Салон внимательно наблюдал за перепалкой.
--
Ты издеваешься? - озлобилась кассирша.
--
Нет, - недоуменно ответил Хозяин. - Она вам спеть может. Споешь? - заискивающе обратился он к собаке. И гавкнул.
Собака ответила.
--
Вот... поёт. Она ещё не так может! - крикнул он. - Спой людям, собака!
--
Ааааауууууыыыы, - провыл пёс.
--
Ещё давай, спой что-нибудь душевное! - сказал Хозяин. И обратился в салон: Товарищи, господа и дамы! Она сейчас такое споёт! Она умная! Она у меня водку с балконы скидывала! И тапочки утром приносит. И разговаривает, конечно... Я-то пью... Сегодня вот пил, завтра буду, все деньги пропил, её же не пропью. Она разговаривает со мной...

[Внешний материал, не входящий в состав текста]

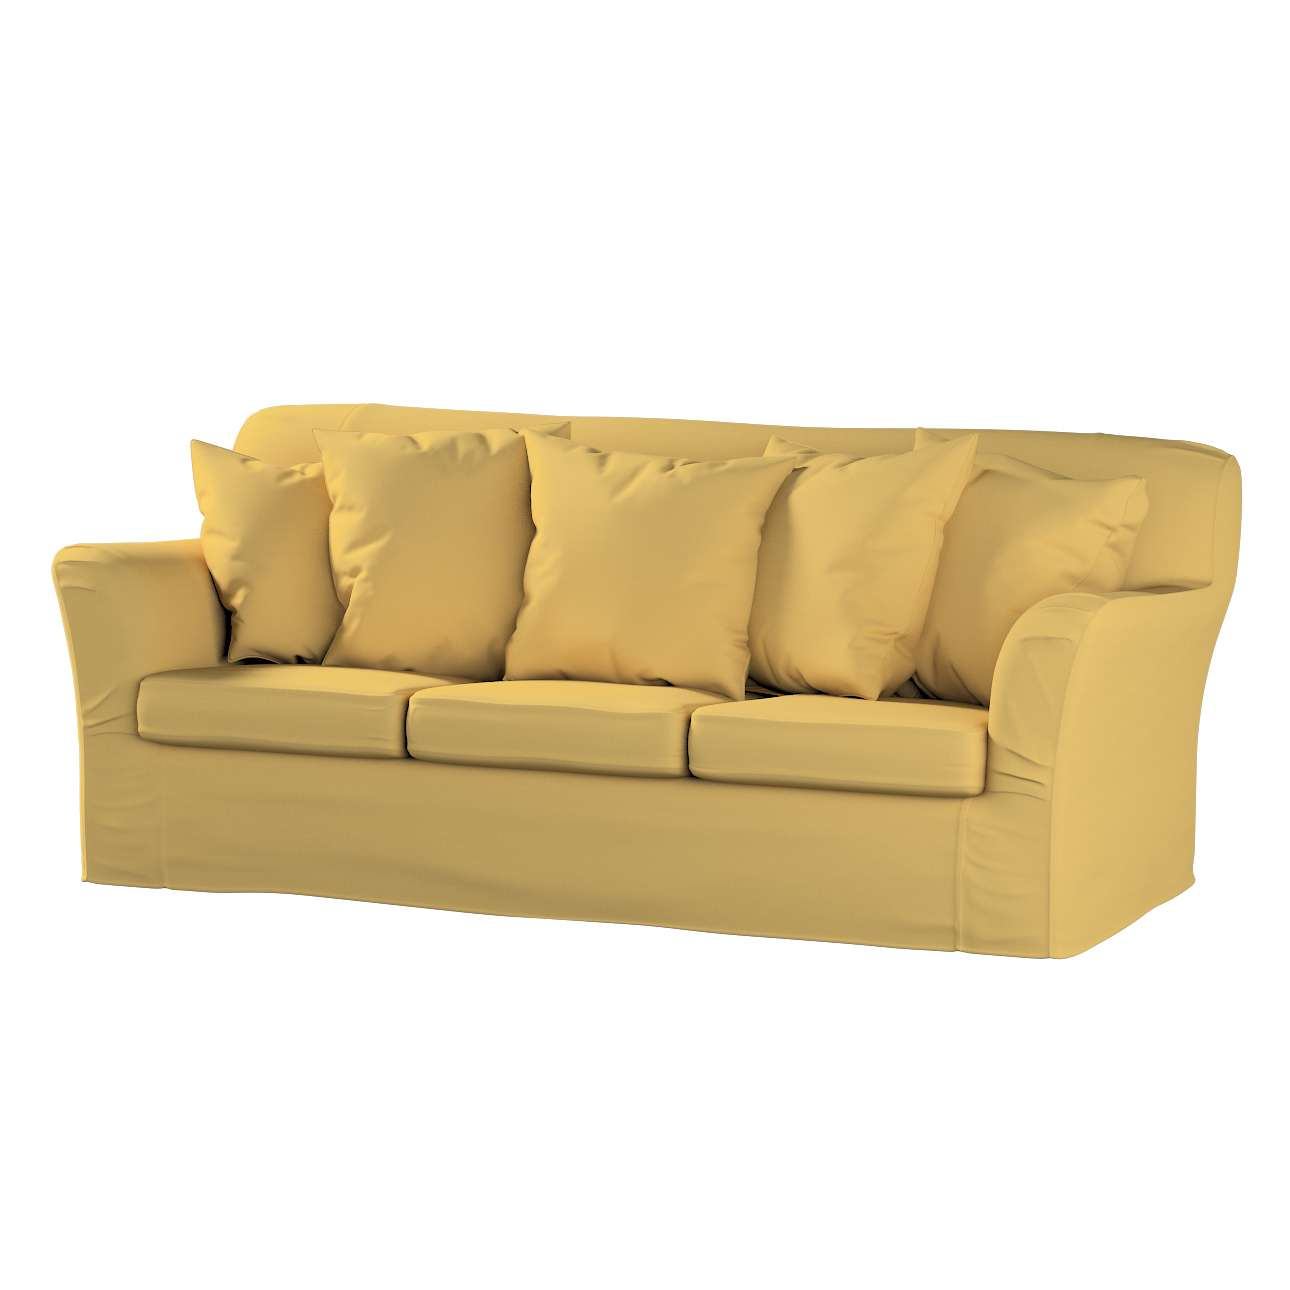 Pokrowiec na sofę Tomelilla 3-osobową nierozkładaną w kolekcji Cotton Panama, tkanina: 702-41

Собака обвела взглядом людей, посмотрела на него, закрыла глаза, подняла морду к потолку и завыла, подёргивая правой передней лапой. "Ииииуууумм" - стонала она, на миг останавливалась и, опустив голову, начинала всхлипывать. Потом снова завывала.
--
Вот, пропела. - сказал он жалобно. - Иногда мы вместе поём. Вот только не пьёт она... Поёт и не пьёт, - восхитился он сочетанию.
--
Слышишь, фокусник... - неуверенно начала кассирша - плати... - и твёрдо закончила: Или выходи. И потянулась к кнопке над дверью.
--
Я заплачу за него - вскочил молодой парень. Подошёл к кондуктору и выдал монетки. Кассирша взяла мелочь, не пересчитывая, положила в сумку и отвернулась.
--
Спасибо, - благодарно сказал он. - Только лучше бы ты мне на выпивку дал. Парень улыбнулся и прошёл на место.
--
Вот такая собака... - печально сказал он. - Старая она уже, седая вся, потому умная. Я когда старый стану, тоже поумнею.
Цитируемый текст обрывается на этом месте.